To investigate the molecular basis of Satb2 function, we performed chromatin immunoprecipitation followed by high throughput sequencing (ChIP-seq) for the corresponding stages of embryonic development. To this, we generated a polyclonal antibody against a peptide spanning the N-terminal region of Satb2 (see “Methods” and Supplementary Fig. 3a). To test the antibody, we overexpressed 3xFLAG-Satb2 from the one-cell stage and performed ChIP-seq at the dome stage using either anti-Flag or anti-Satb2 antibodies. Confirming the specific nature of the antibody, we observed a very high correlation (Pearson correlation 0.80) between ChIP signal intensities across these two conditions (Supplementary Fig. 3b). Next, we performed ChIP-sequencing in replicates using anti-Satb2 antibody. To identify Satb2 binding sites in open chromatin regions (OCR), we intersected consensus peaks with ensembl of chromatin accessibility data across various developmental stages [GSE106428, GSE130944, GSE101779] yielding 27,420 binding sites at 80% epiboly, 36,444 sites at 6 ss and 22,333 sites at 14 ss respectively. Genomic distribution analysis suggested that Satb2 occupies both the promoter and non-promoter regions (intergenic + intronic + exonic + TTS) (Fig. 3a). To gain insights into NCC-specific regulation by Satb2, we isolated Sox10Pos and Sox10Neg cells from Tg:Sox10:GFP transgenic line42 using FACS and performed ChIP-seq for Satb2 at the 14 ss. Interestingly, we observed a strong correlation between whole embryo Satb2 ChIP-seq at 14 ss and NC specific Satb2 ChIP-seq datasets (Supplementary Fig. 3c).

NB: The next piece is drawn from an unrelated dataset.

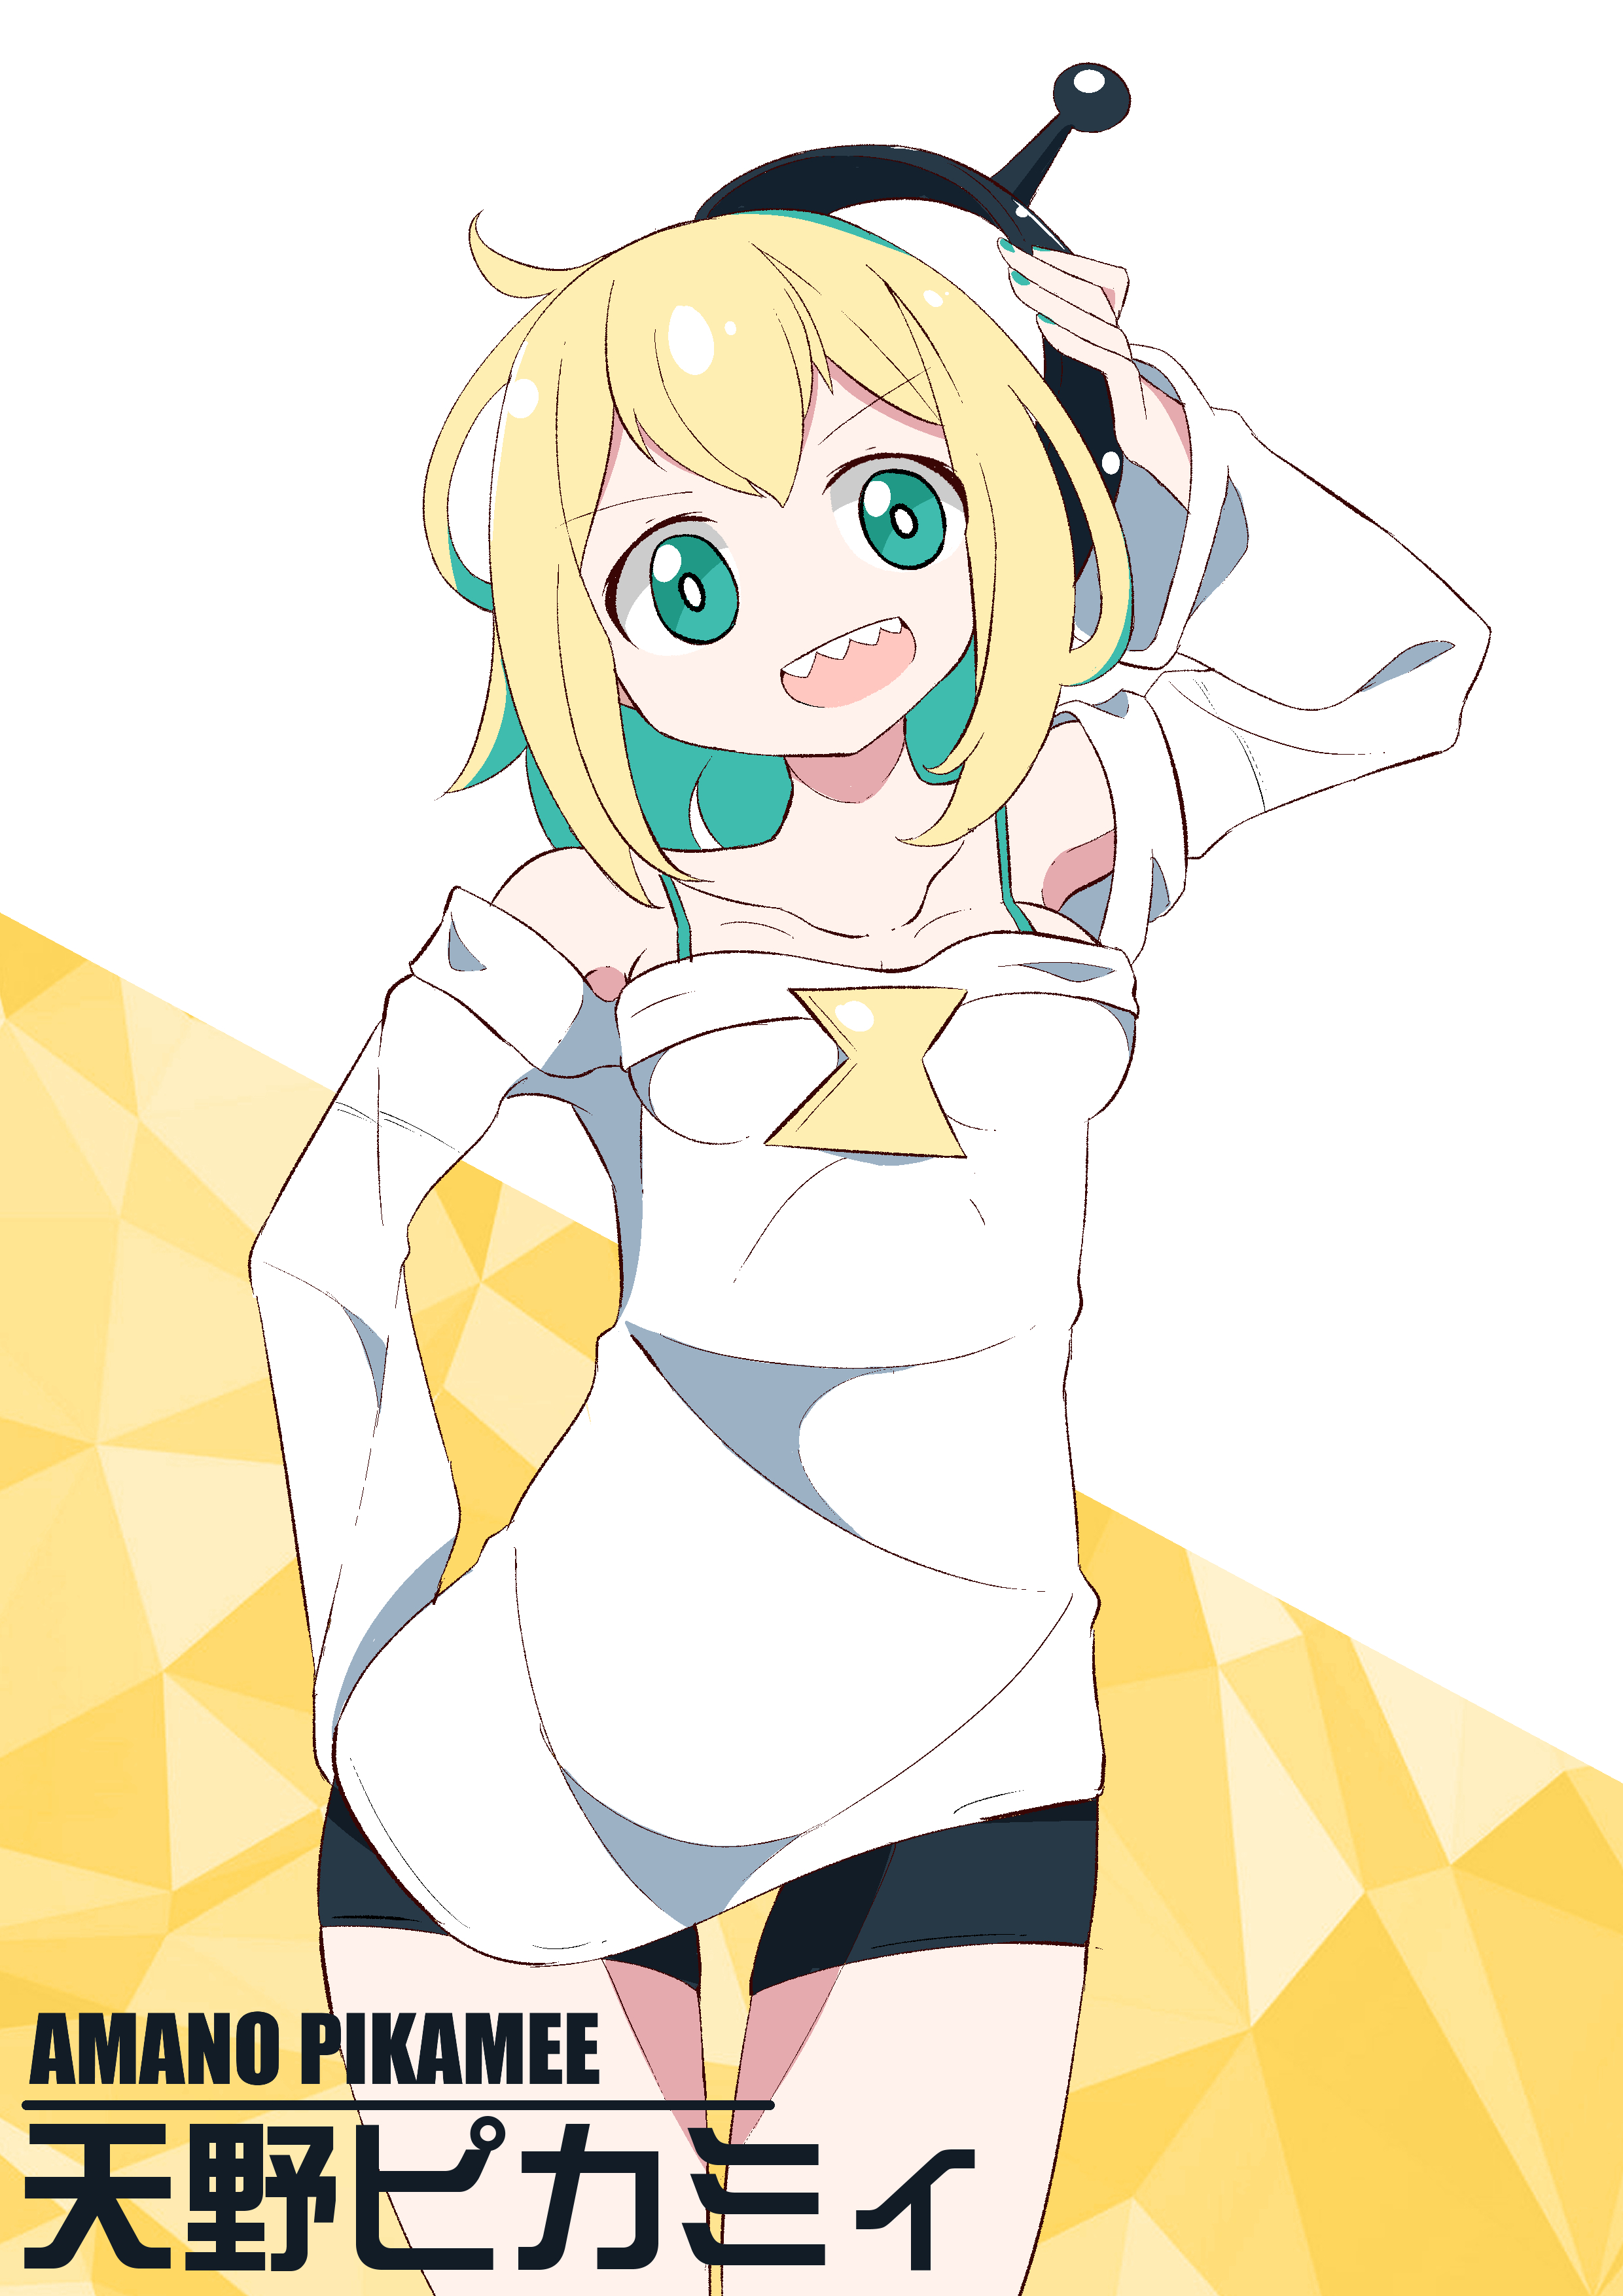 Li King on X: This is Amano Pikamee, the Vtuber designed by r  GYARI. She's very good at English and use both Janpanese and English in her   stream. If anyone like

This observation suggested that we can potentially utilize the bulk ChIP-seq approach to glean insights into gene regulation mediated by Satb2 specifically at the early stages of development when fluorescent reporter lines cannot be utilized. Indeed, the ChIP-seq occupancy profiles indicate that genes involved in early neurogenesis and NC development such as sox10, sox9a, zic1, and zic4 are potentially book-marked for regulation by the presence of Satb2 as early as at 80% epiboly stage (Fig. 3b).

Fig. 3: Genome-wide occupancy analysis of Satb2 underscores the molecular mechanism underlying Satb2 function.
figure 3

a Genome-wide distribution pattern of Satb2 occupancy in the regulatory regions. percentage of peaks overlapping with OCR at 80% epiboly, 6 ss, and 14 ss. Numbers in the brackets indicate the total number of Satb2 peaks at the corresponding developmental stage. Annotation was performed using HOMER, core promoter region was defined as ±2 kb from TSS. TTS, Exon, and Intron annotations were used from HOMER analysis. The remaining peaks were annotated as Intergenic peaks. b Integrative genomics viewer (IGV) snapshot of Satb2 occupancy on genomic loci of sox10, sox9a, and zic1 at 80 % epiboly (red), 6 ss (blue), 14 ss (green), and in Sox10Pos (purple) cells. Input subtracted tracks are used for visualization. For Satb2 ChIPseq in Sox10Pos (neural crest) cells, ChIPseq reads are normalized to signal from Sox10Neg (non-neural crest) cells to depict enrichment at respective gene loci. Solid line boxes highlight enriched genomic regions across all the datasets. Black colored blocks represent enriched regions determined by the peak calling algorithms. c Motif enrichment analysis for Satb2 binding sites at the promoter (±2 kb) and enhancer regions (overlapping with H3K4me1 binding sites) matched to known motif sets of danRer10 genome assembly. d Box plots indicating log2 normalized gene expression (Counts Per Million) of promoter- and enhancer- bound genes in wild-type and satb2−/− mutants at 14 ss. N = 2 biologically independent experiments. **** indicates p-value of significance 0.0001 as determined by the student’s two-tailed t-test. Error bar represents ±SEM. The whiskers show the minima to the maxima values and the central line indicates the median, WT promoter (n = 4178): 3.347, MUT promoter (n = 4149): 2.890, WT enhancer (n = 3337): 3.662, MUT enhancer (n = 3327): 3.281. e Venn analysis depicting the overlap between Satb2 bound genes and differentially regulated genes at 14 somites in the satb2−/− mutant. f GO analysis for biological processes of Satb2 occupied genes at 14 ss. Numbers for each category of doughnut plot represent enrichment ratio, FDR < 0.05. g Schematic of dissections performed for the ChIP-seq experiment in mouse embryos at E9.5 (head and trunk) and E13.5 (dorsal telencephalon). Dotted line represents the site of the incision. h, IGV snapshot of mouse SATB2 occupancy profile on the genomic loci of dlx1, zic1, and wnt1. Dashed line boxes highlight enriched regions in E9.5 head and E13.5 dTel which are absent in the E9.5 trunk region.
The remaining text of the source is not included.